These costs were covered by sterling which was ‘blocked’ – not to be spent or converted into other currencies.  Congress wished to use this money for large-scale economic development after the war which meant releasing the balances to buy capital equipment, The case was made at Bretton Woods in 1944 where Keynes promised that Britain could be relied on ‘without any delay to settle honourably what was honourably and generously given’.  On returning to London, he published an article arguing for a revision of the agreement between Britain and India on the allocation of the costs of the war. 

Churchill was also unhappy with the situation and in August 1944 asserted the right to readjust the settlement to take account of Britain’s contribution ‘to save India from invasion’.  Leo Amery, the Secretary of State for India, disagreed: ‘When driving to the station to catch a life or death train … I should hardly think that you … would tell the cabby man you have no intention of paying when you get there’.  To Amery, the demand that India should make a larger contribution ‘sounded like a memory from another world.  Unfortunately, that other world is the one that Winston still lives in’.

it was neither equitable nor practical politics to cancel India’s sterling balances.  A refusal to pay would renege on the agreement reached at the start of the war, lead to more unrest, and require more troops to maintain order.  The mother country was now paying India for its contribution to the costs of imperial defence.  Indian independence was a foregone conclusion at the end of the war – it was simply too costly to maintain. 

I am arguing that the allocation of costs and benefits within and between India and Britain reflected more than a dominance by Southern gentlemanly capitalists within Britain and over India.  Rather, we need to analyse he shifting political calculations that changed over time. 

 

Globalisation or Imperialism

The case of Naoroji was that wealth was drained from India to make Britain prosperous.  But to many commentators at the time, and to modern historians,  the question is whether we can separate British imperialism and the emergence of a highly globalised economy in the long nineteenth century.  As we have seen, Indian deindustrialisation was the result of the emergence of mechanised production in Lancashire, quote apart from British rule. Could Britain have secured any benefits from a globalised economy without engaging in formal imperialism which increased defence costs?  There were different views at the time that continue to be fought among historians.

1. Globalisation would have happened anyway, so that the cost of the empire and formal control was unnecessary.

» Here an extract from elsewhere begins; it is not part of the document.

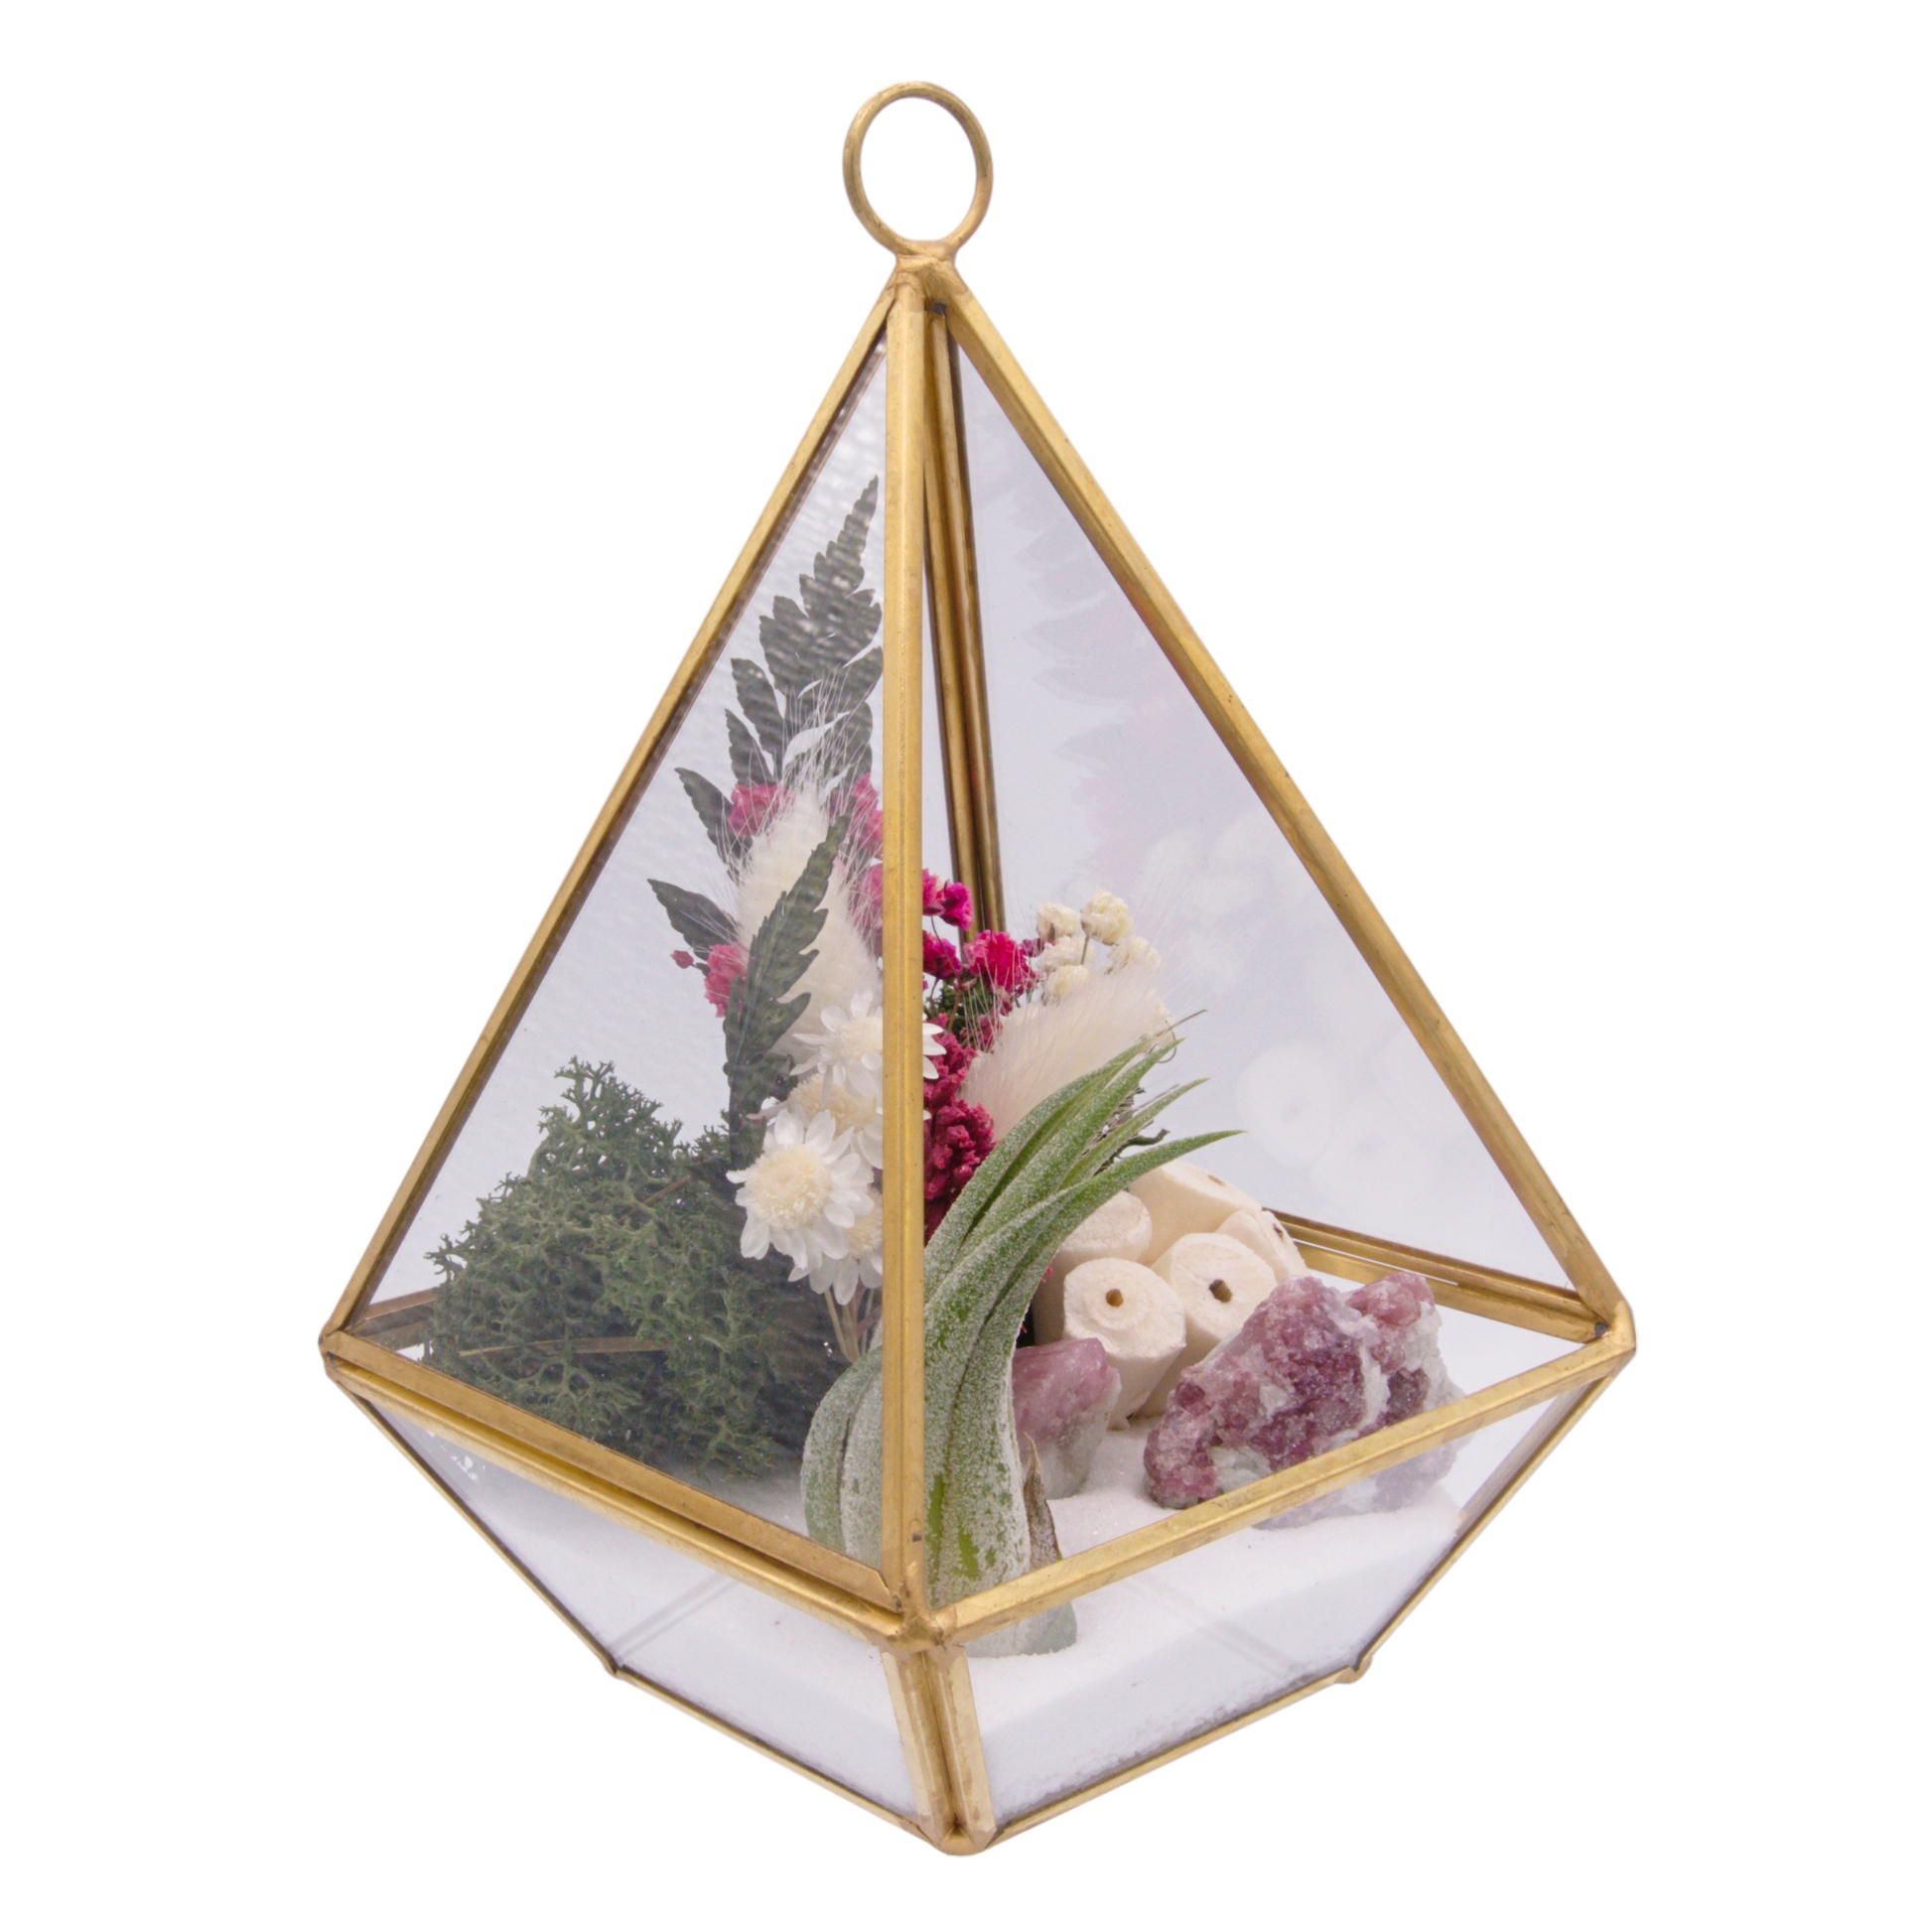 Victorian terrarium with sand, dried flowers, pink tourmaline crystals and an airplant

Adam Smith’s Wealth of Nations appeared in 1776, the same year as the American Declaration of Independence.  His Adam Smith’s preference was for Britain to withdraw voluntarily from the Thirteen Colonies. ‘Great Britain derives nothing but loss from the dominion which she assumes over her colonies’, and without the expense of empire, Britain ‘might settle with them such a treaty of commerce as would effectually secure her a free trade, more advantageous to the great body of the people, though less so to the merchants, than the monopoly which she at present enjoys’. 

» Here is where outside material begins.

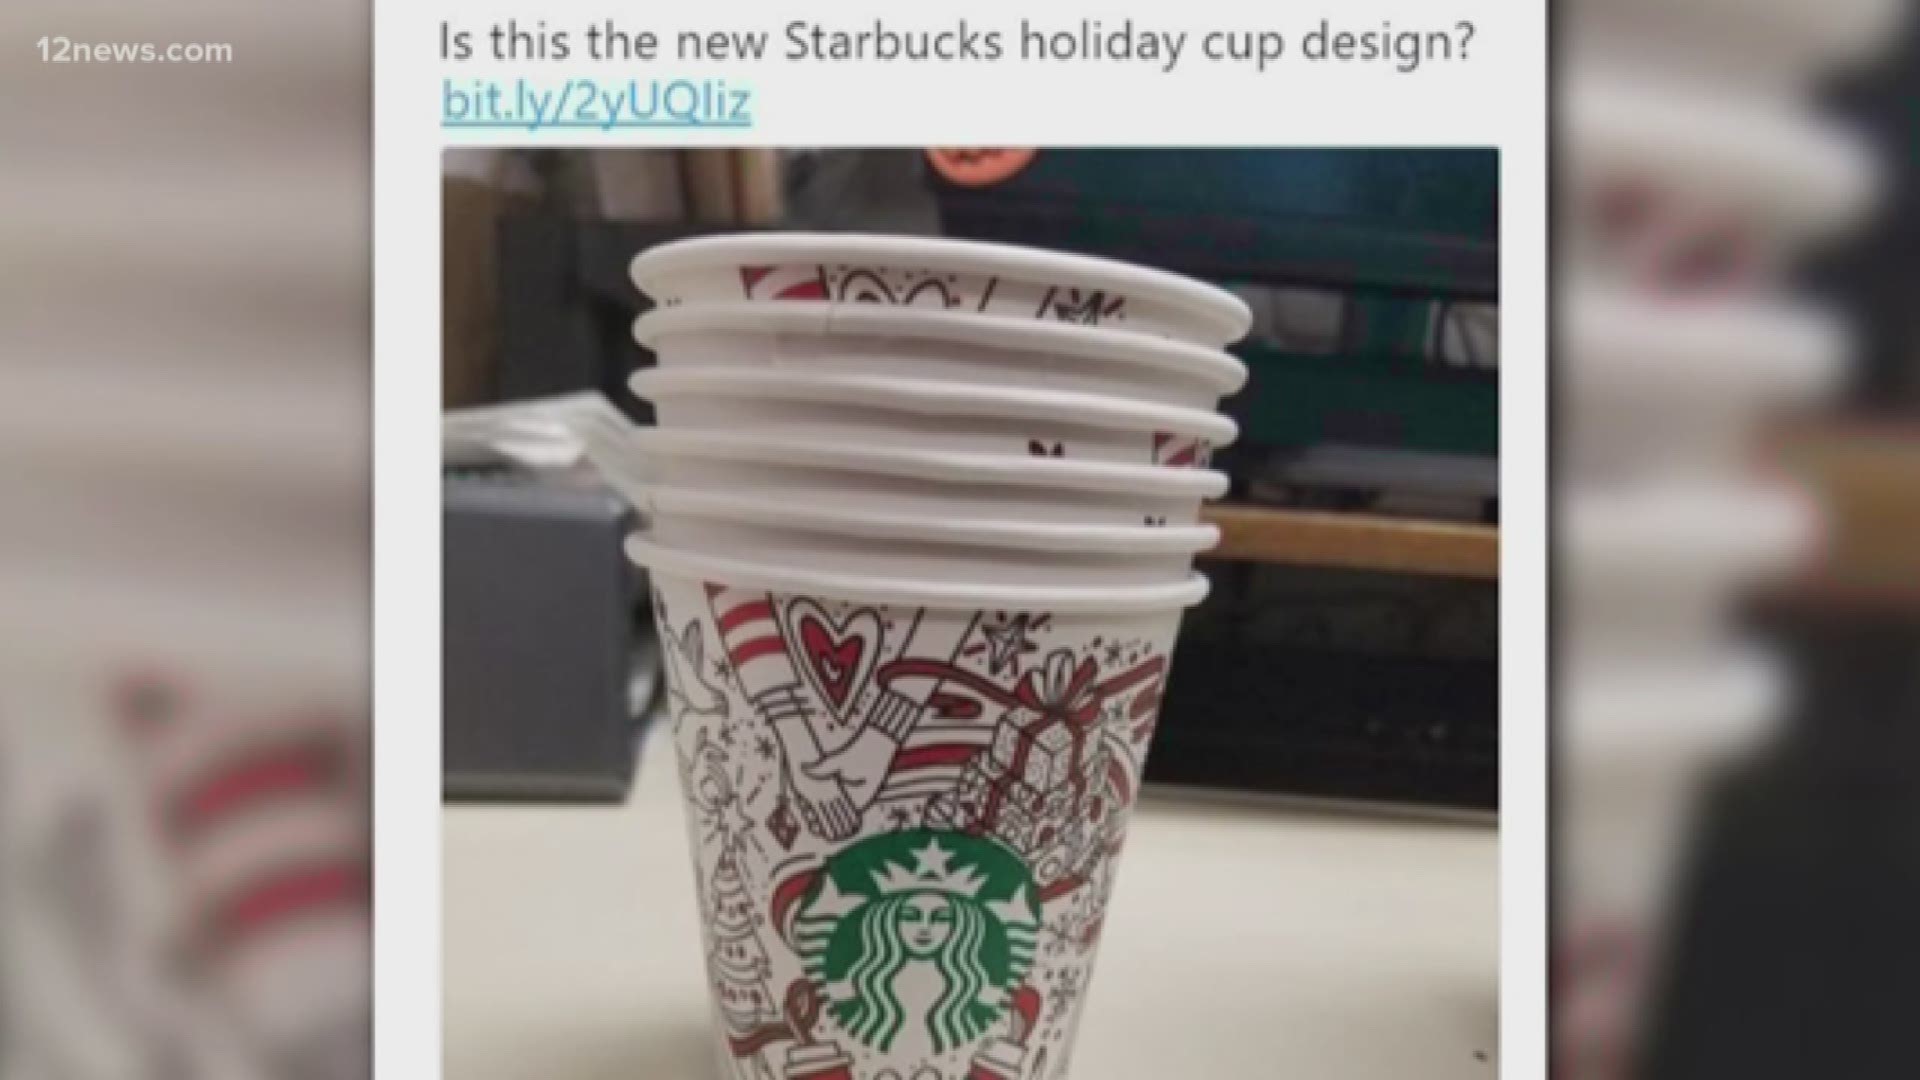 This picture popped up on Reddit showing the supposed 2017 Starbucks holiday cup design.

Richard Cobden, the leader of the Anti-Corn Law League and the Peace Society, took the same line: free trade would bring nations together in peaceful exchange. To Cobden, militarism and imperialism led to higher taxes which harmed workers and industry, and benefitted the aristocracy.  There was no need for imperialism and military intervention:

our commerce… can neither be sustained nor greatly injured abroad by force of violence.  The foreign customers who visit our markets are not brought hither through fear of the power of the influence of British diplomatists: they are not captured by our fleets and armies….

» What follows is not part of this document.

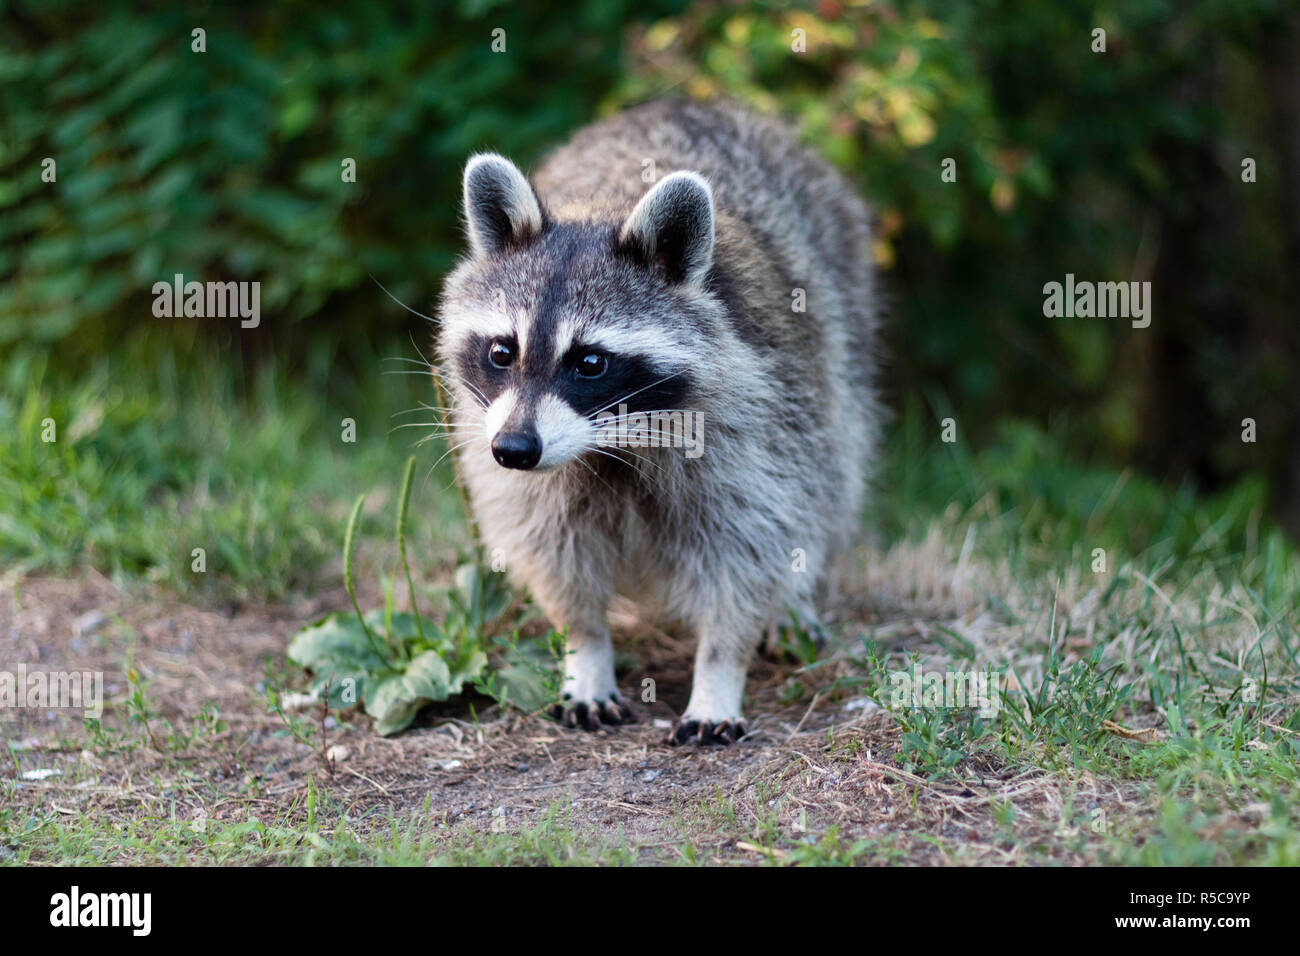 A raccoon on the Mount-Royal in Montreal, Canada. Raton laveur sur le Mont-Royal. Stock Photo

Similar arguments are made by recent historians such as Davis and Huttenback.  Expenditure on defence was higher in Britain than other European countries; only India paid for its defence; the Dominions were free riding which allowed them to spend on public works and education.  On this view, benefits therefore went to undertaxed white settlers and gentlemen capitalists in Britain; the costs fell on workers.  There could have been a decolonisation premium: Davis and Huttenback suggest that if Britain had given up the empire before 1914, and spent the same as France and Germany on defence, taxes could have been reduced by 12 per cent.

The empire was not the main destination for capital exports.  Data for the period 1865-1914 suggest that the empire took about 40 per cent compared with 59 per cent for independent foreign countries and 1 per cent for foreign dependencies.  Capital went to temperate areas of recent  settlement – USA, Canada, Argentina, New Zealand – both in the empire and beyond.

Distribution of overseas capital calls, 1865-1914 per cent

USA                34.3

Canada           20.5

Argentina        8.6

Australia          8.3

India                7.8

South Africa    6.4

Most capital went into social overheads (69 per cent) -above all railways – with 12 per cent into extractive and 4 per cent manufacturing industries.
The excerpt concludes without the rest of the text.